On Sun, Sep 17, 2023 at 17:49:22 -0400, Fernando Rodriguez wrote:
A few months ago after updating my kernel I started getting an invalid
opcode error during boot on the init process on my initramfs which I did
rebuilt. Switching to the old kernel and initramfs fixed the problem so
I kept that kernel for a few months for lack of time.
Today I rebuilt the whole system using `emerge -e @world` and after that
I'm able to boot the new kernel but now some pre-compiled packages (and
some that emerge -e missed because the ebuild was masked) crash with
illegal opcode. In the case of chrome it's not crashing but it only
renders garbage for webpages.
Does anyone have a clue what is happening? It's like the instruction set
changed after the kernel update (or was it the microcode?)

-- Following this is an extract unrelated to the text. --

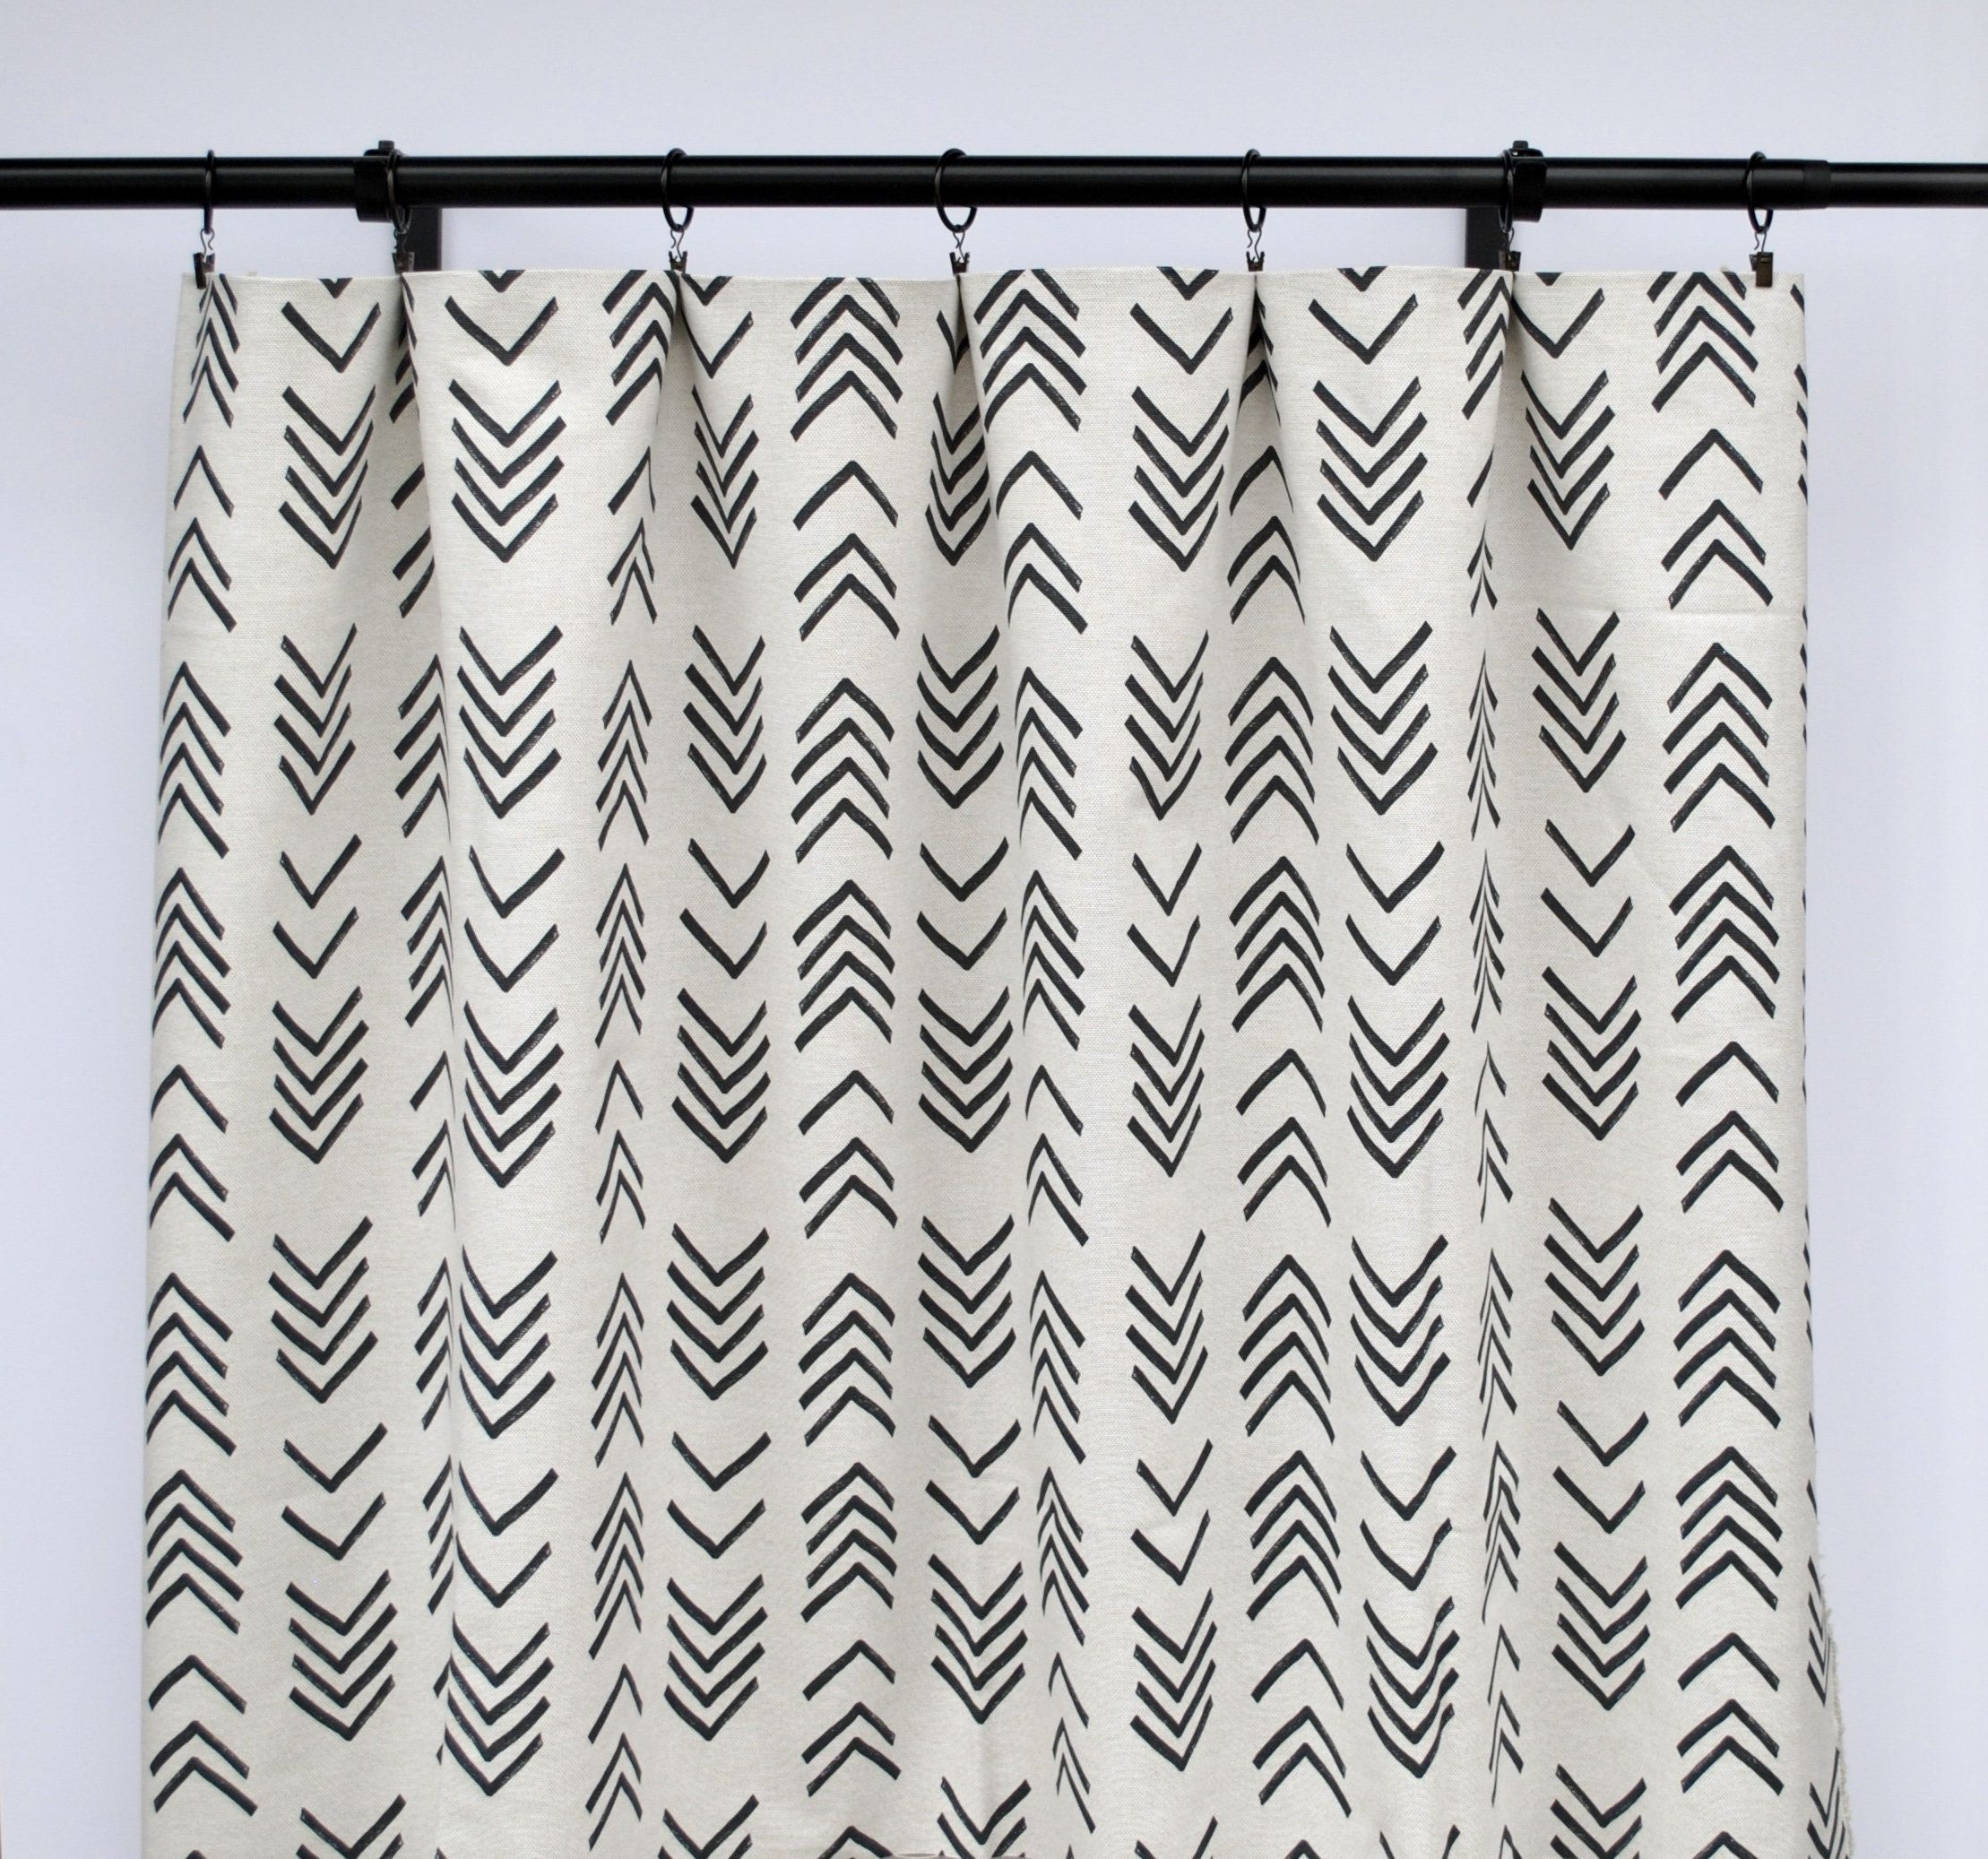 Boho Mud Cloth Curtain Panels Black And White Curtain Panels Mud Cloth Curtains Home Decor Mid Century Curtain Azteca Arrow White Curtains Black Curtains Curtains

Could it be that you've got a sporadic RAM failure? Running the
standard RAM test (the one you boot into, I've forgotten its name) for
many hours might pin down the problem.
I ran the test to be sure but it's not sporadic. It happens all the time
with the same pre-built binaries. My last working kernel was 5.15.122,
if I boot from that kernel everything works. Before the update
everything was built with -march=native and before the 'emerge -e' I
switched to -mtune=generic but I don't think it was the flags that
messed it up but the act of rebuilding because after rebuilding the
whole system I'm still having issues with pre-compiled binaries and
those should be generic builds. Strangely the same binaries that crash
on the host system run fine on a VM using hw virtualization.
I will try to run it on gdb to find out which instruction is triggering
the fault.
Thanks,
Fernando